● Task objective: Each line of the listing, apart from the pictures, is to be printed exactly.

● Material provided:
-.-.-
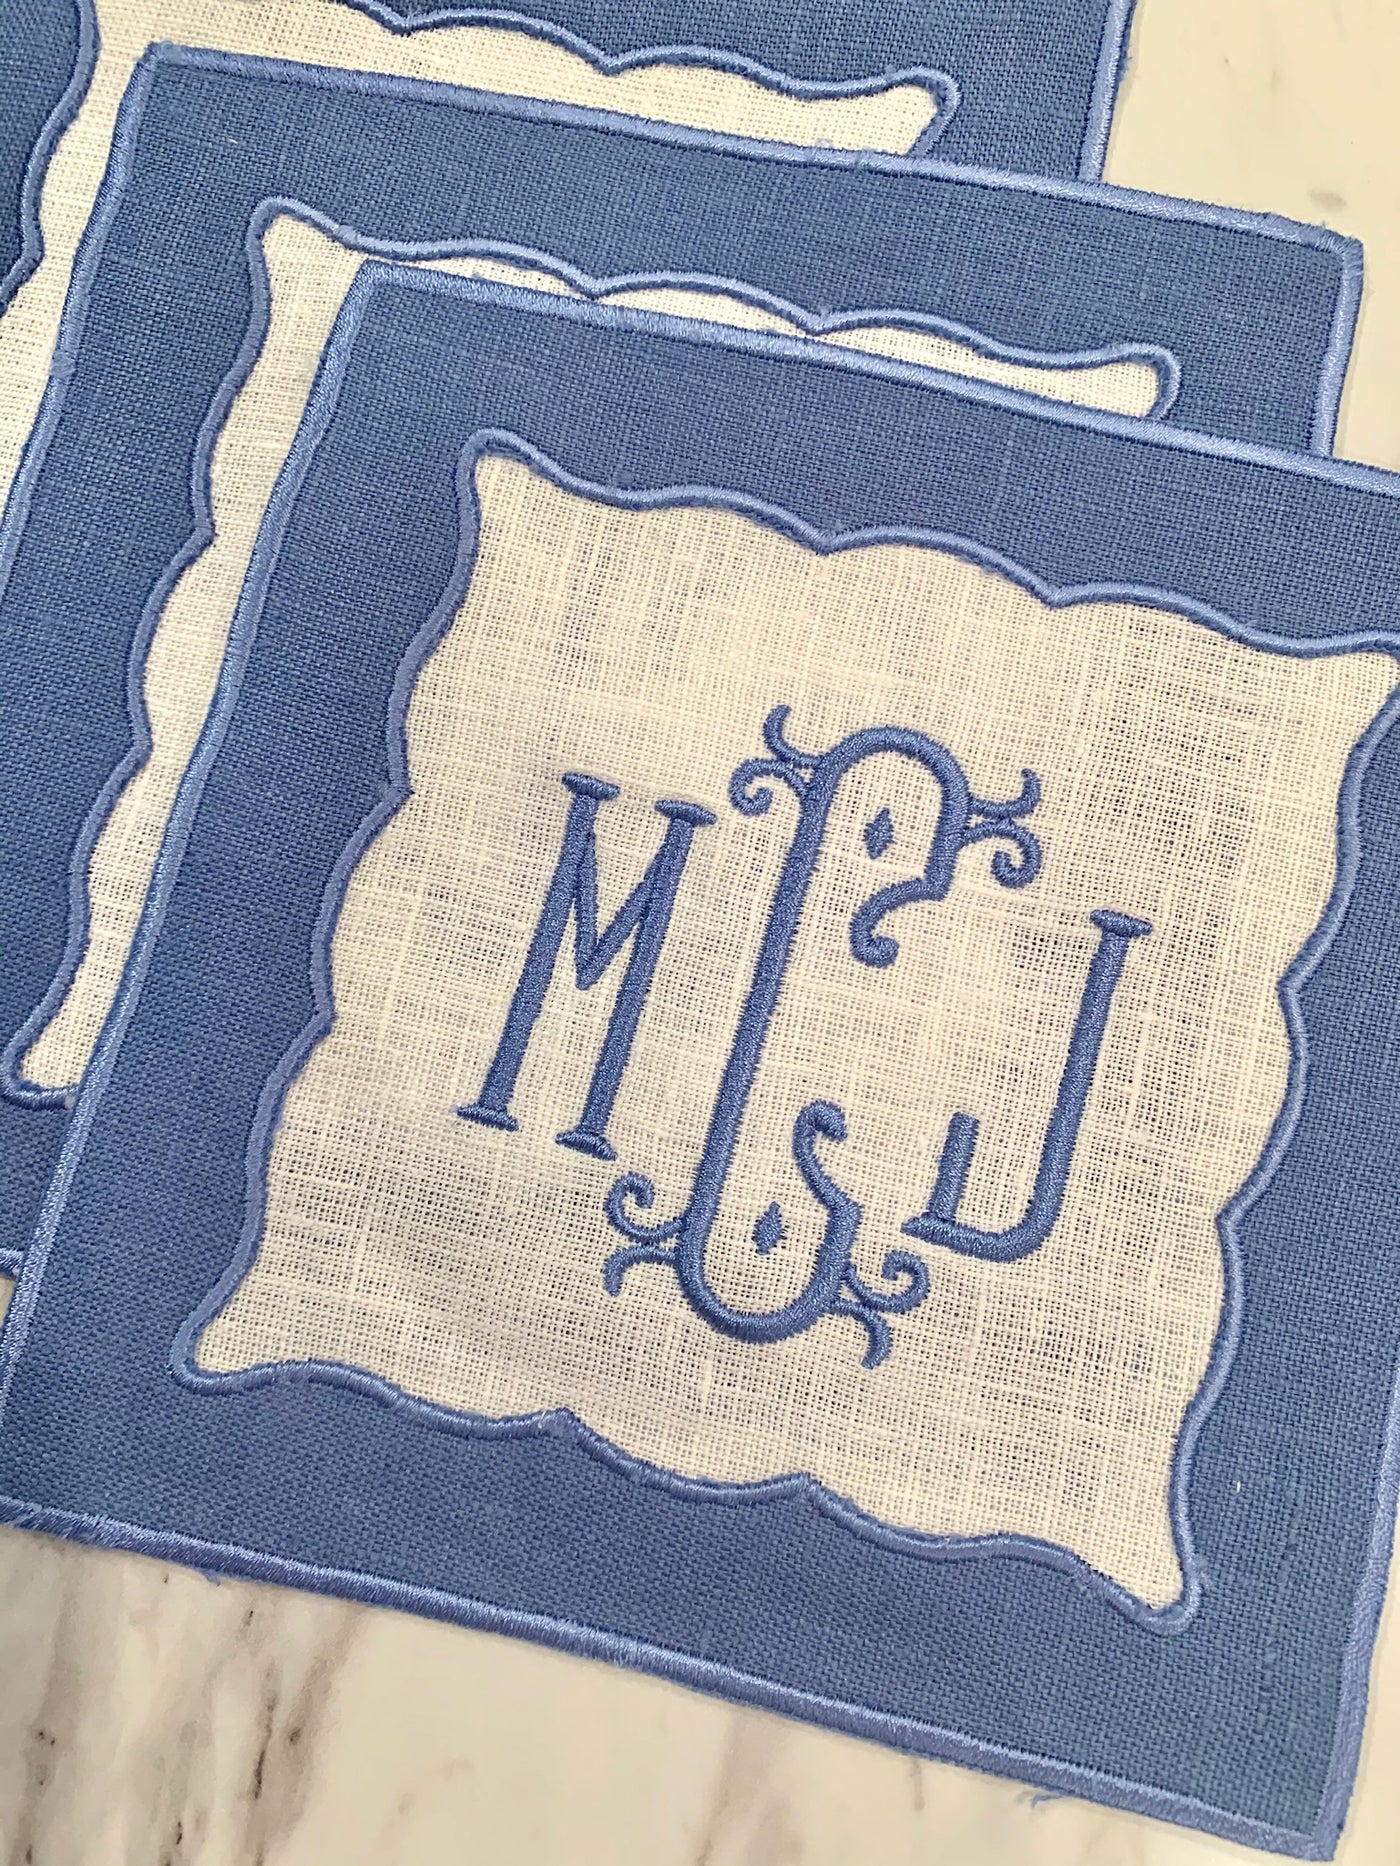 monogramed cocktail napkins
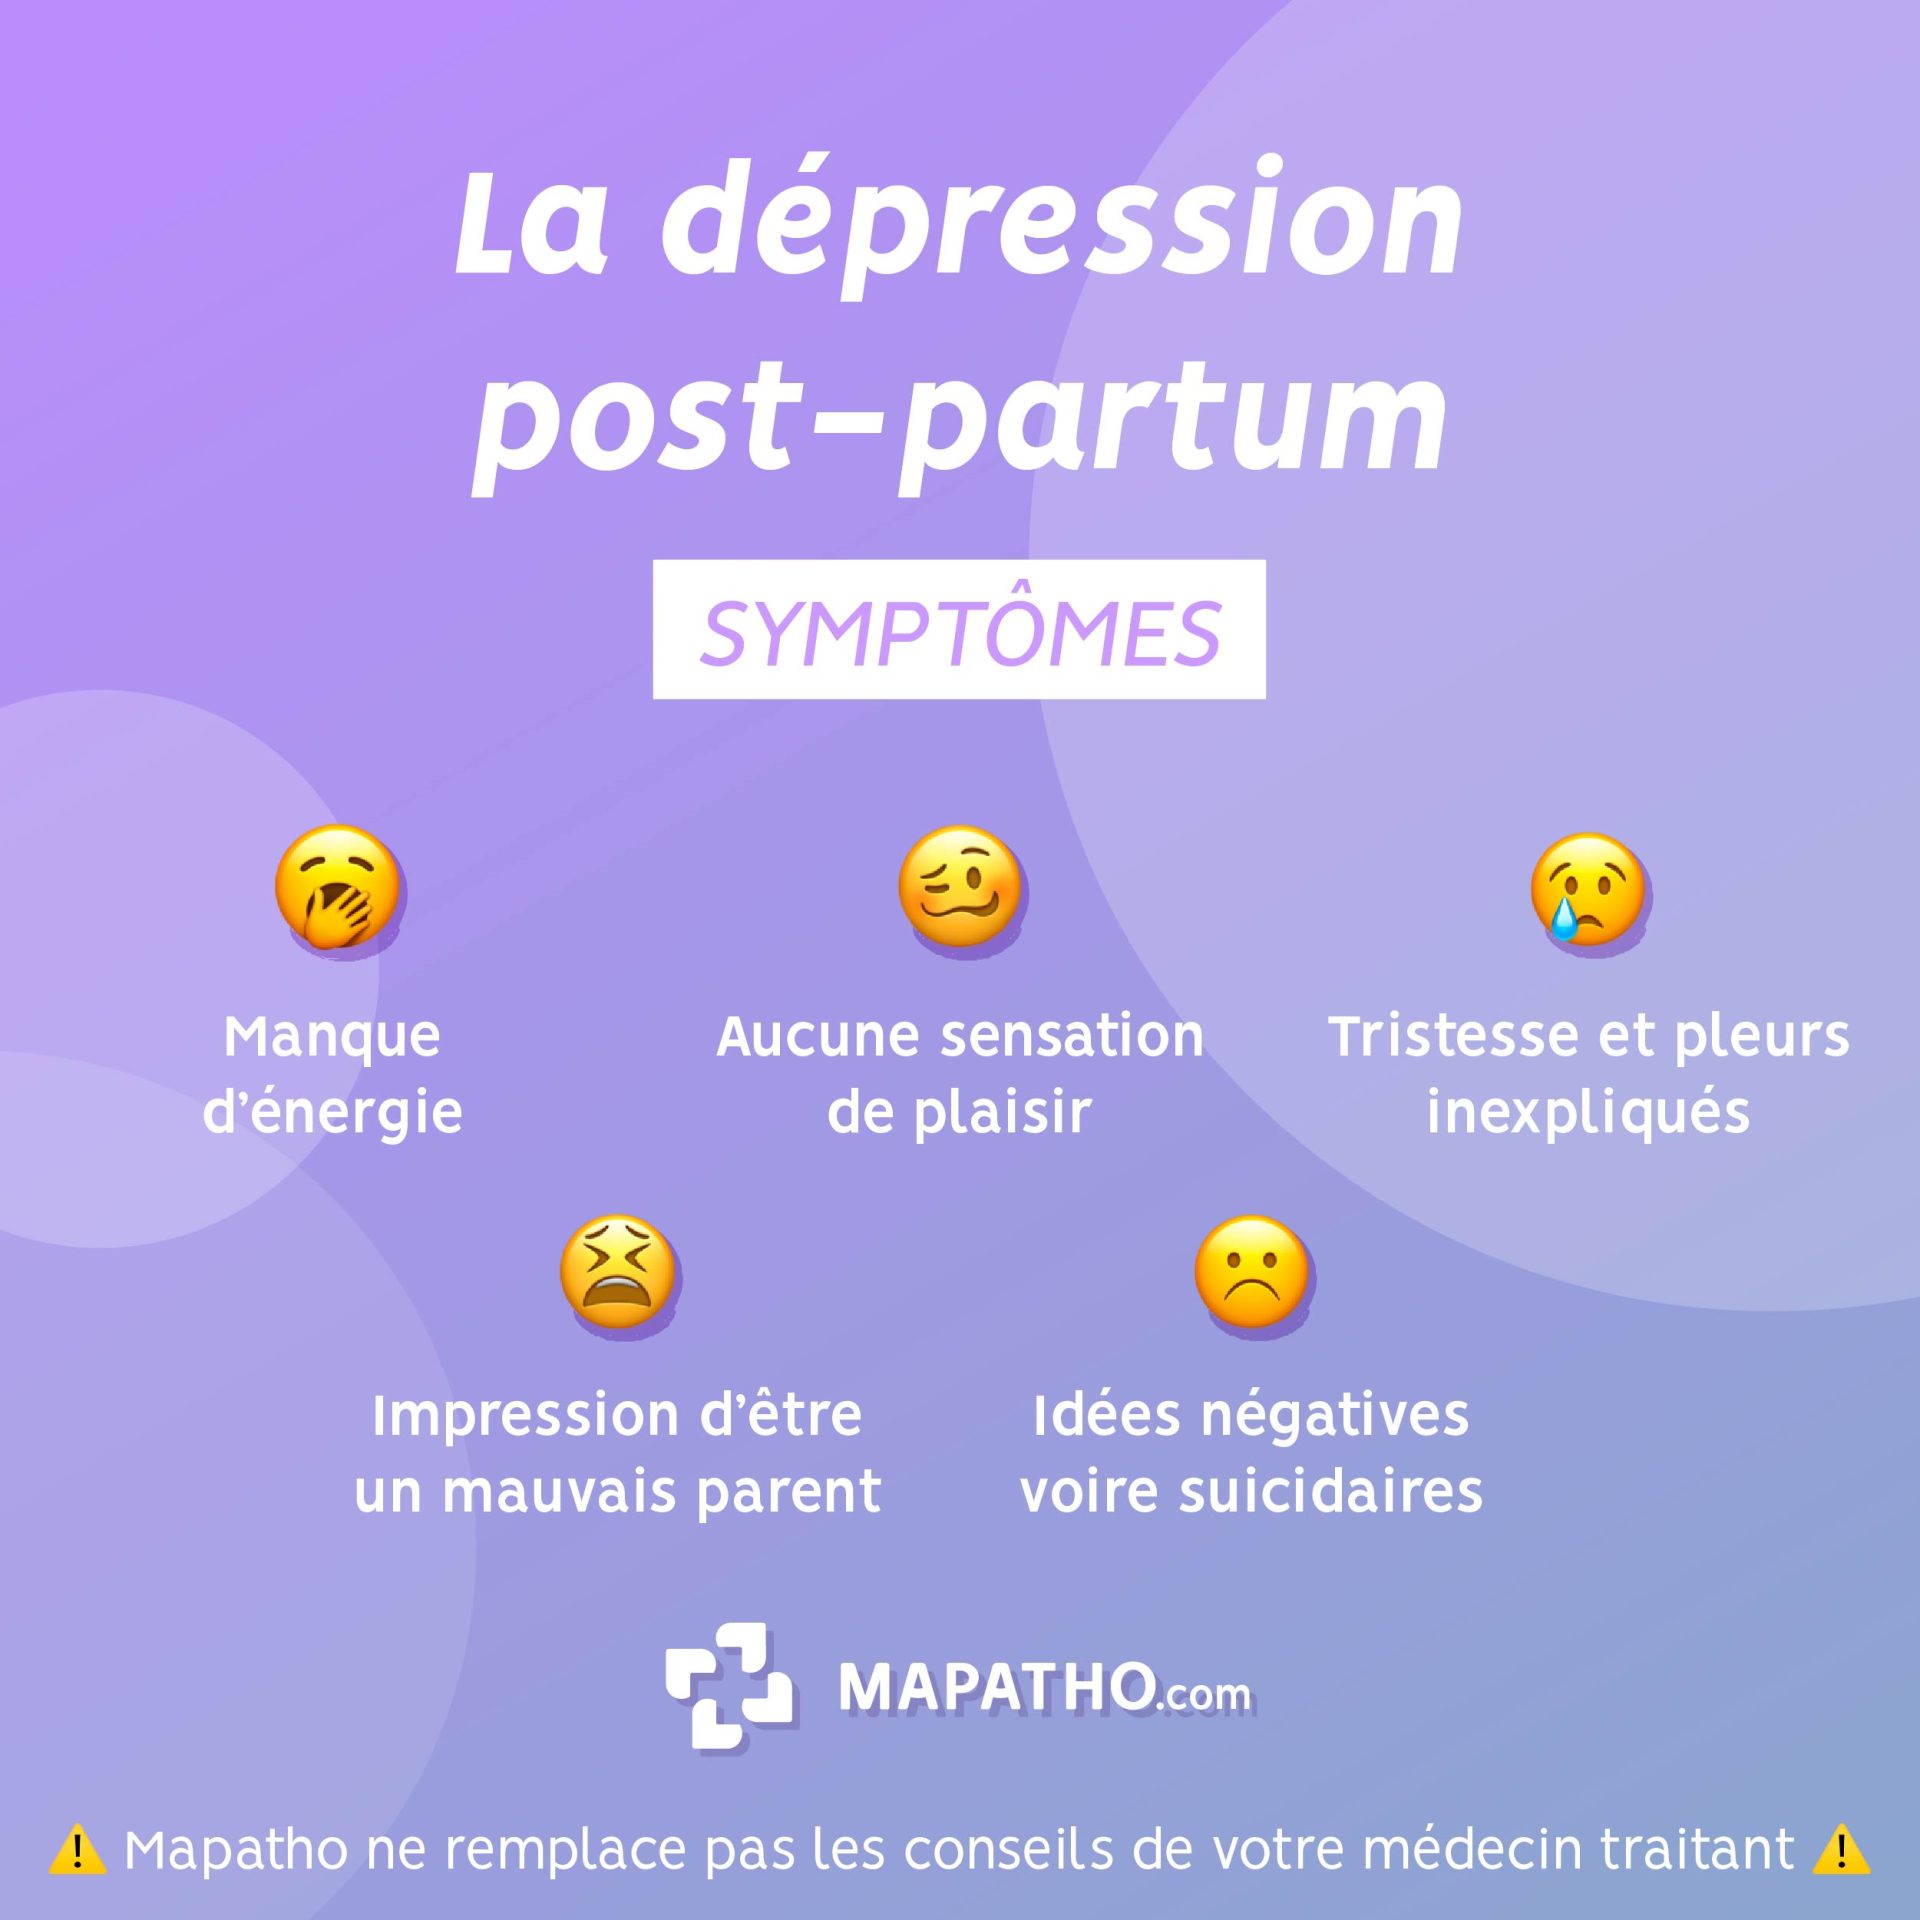 Les symptomes de la depression post-partum
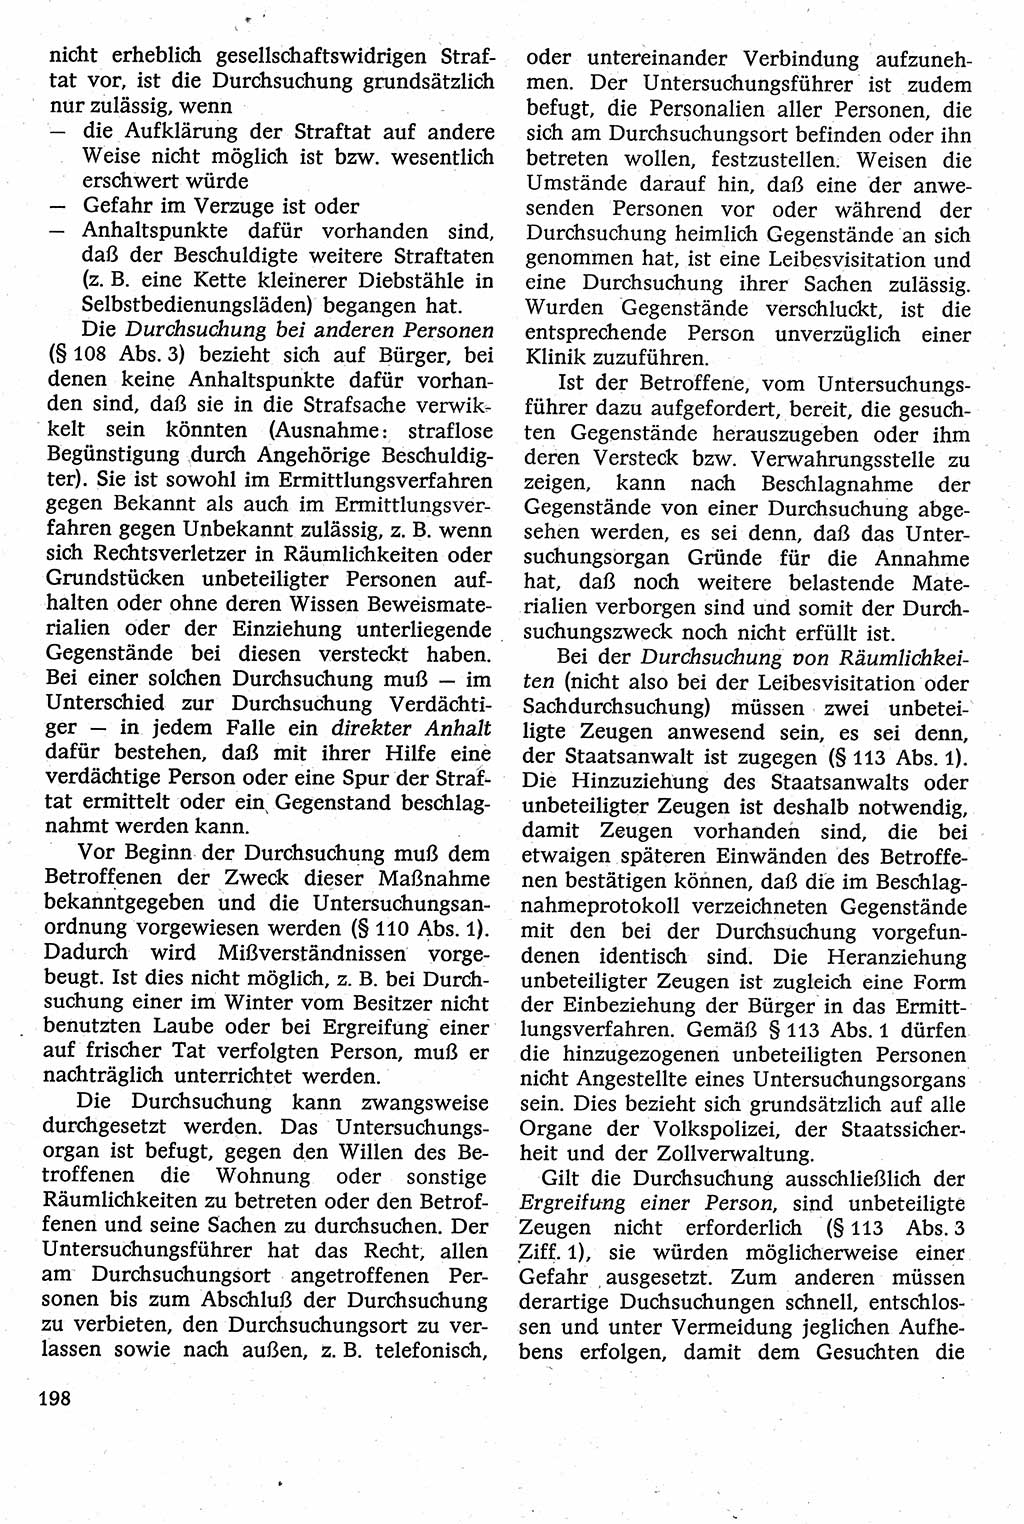 Strafverfahrensrecht [Deutsche Demokratische Republik (DDR)], Lehrbuch 1982, Seite 198 (Strafverf.-R. DDR Lb. 1982, S. 198)
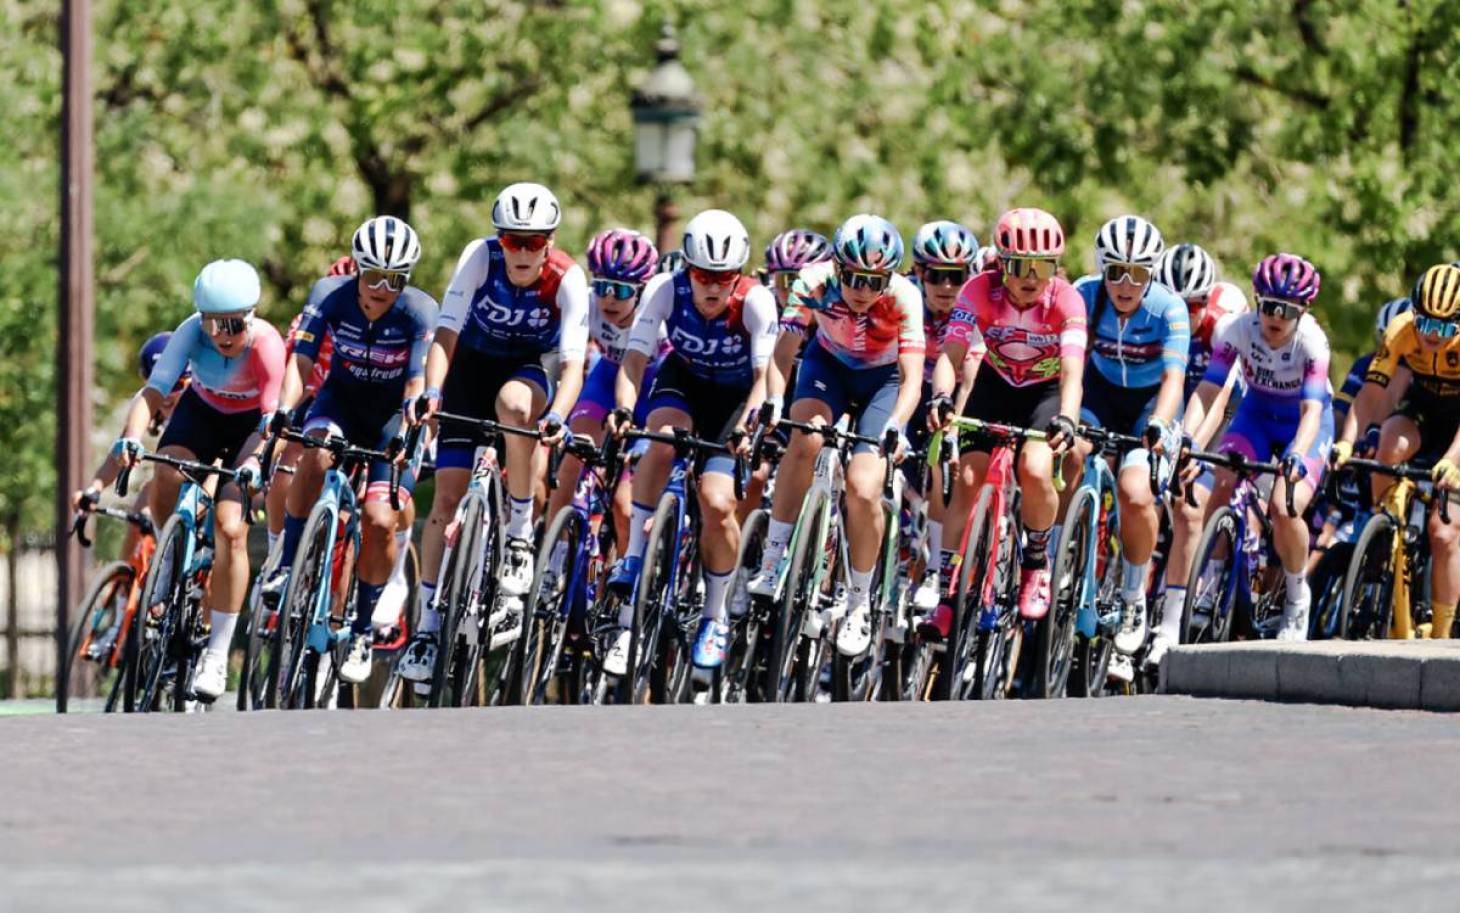 Cyclisme - La FDJ Suez Futuroscope entame le Tour de France par un Top 10
-.-.-
● Answer space:
 monogramed cocktail napkins
 Les symptomes de la depression post-partum
 Strafverfahrensrecht [Deutsche Demokratische Republik (DDR)], Lehrbuch 1982, Seite 198 (Strafverf.-R. DDR Lb. 1982, S. 198)
 Cyclisme - La FDJ Suez Futuroscope entame le Tour de France par un Top 10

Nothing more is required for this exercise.